The final part of the bill makes important changes to the Bonded Medical Program, a program that encourages medical graduates to work in regional, rural and remote communities. These amendments remove that outdated, six-year Medicare ban for doctors who do not complete their return-of-service obligation, balancing fairness with community need. They also ensure that workers complete it in good faith, including under earlier schemes or in eligible areas misidentified by government. They can still count towards that obligation. These changes make the program more consistent and fairer for participants while ensuring communities continue to benefit from access to doctors. The aim is clear: to strengthen regional medical access by supporting a fair and sustainable approach for the health professionals who serve those areas.

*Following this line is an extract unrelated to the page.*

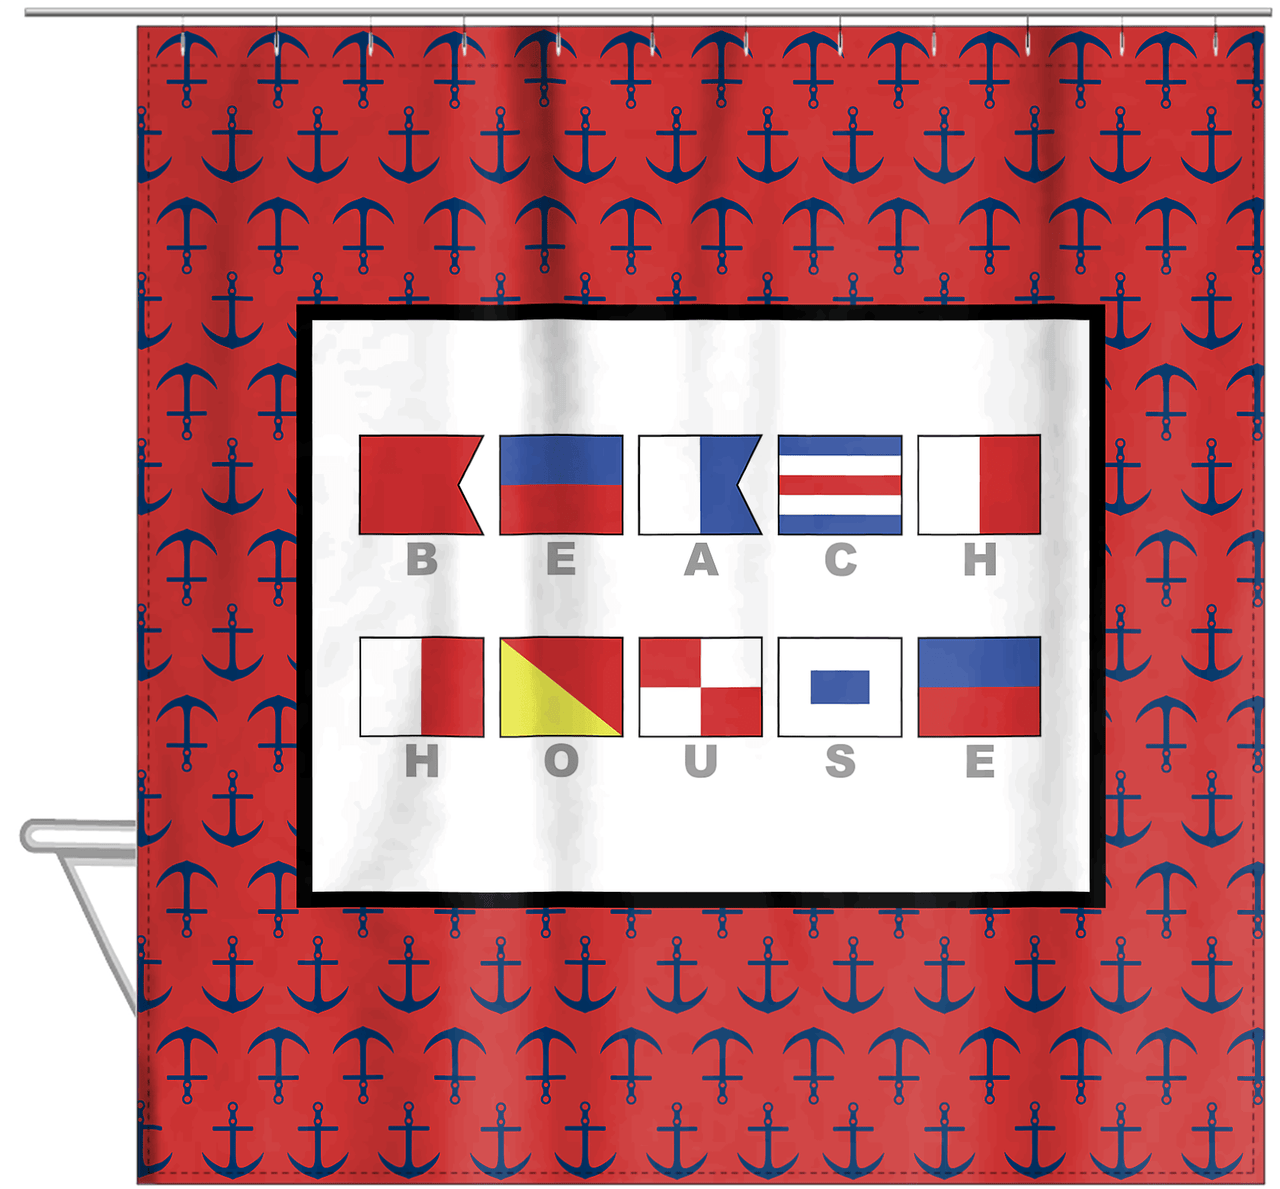 Personalized Nautical Flags Shower Curtain with Anchors - Red and Black - Flags with Grey Letters - Hanging View

This bill is a practical step towards a stronger Medicare, one that works for patients, practitioners and the community. It makes it easier for doctors to get provider numbers and ensures rebates are handled lawfully and efficiently. It modernises the way patients assign their Medicare benefits and keeps the Bonded Medical Program fair and effective. Together, these measures help deliver the government's vision for a health system that is fair, modern and fit for the future. They also sit alongside an historic investment in bulk-billing, cheaper medicines, hospital funding and urgent care, all central to Labor's mission to make health care universal and affordable. The Albanese Labor government believes that, when Australians are healthy, our communities are stronger. That is why we are investing in Medicare like never before, with more doctors, more bulk-billing and better care across every state and territory. I commend the bill to the Senate.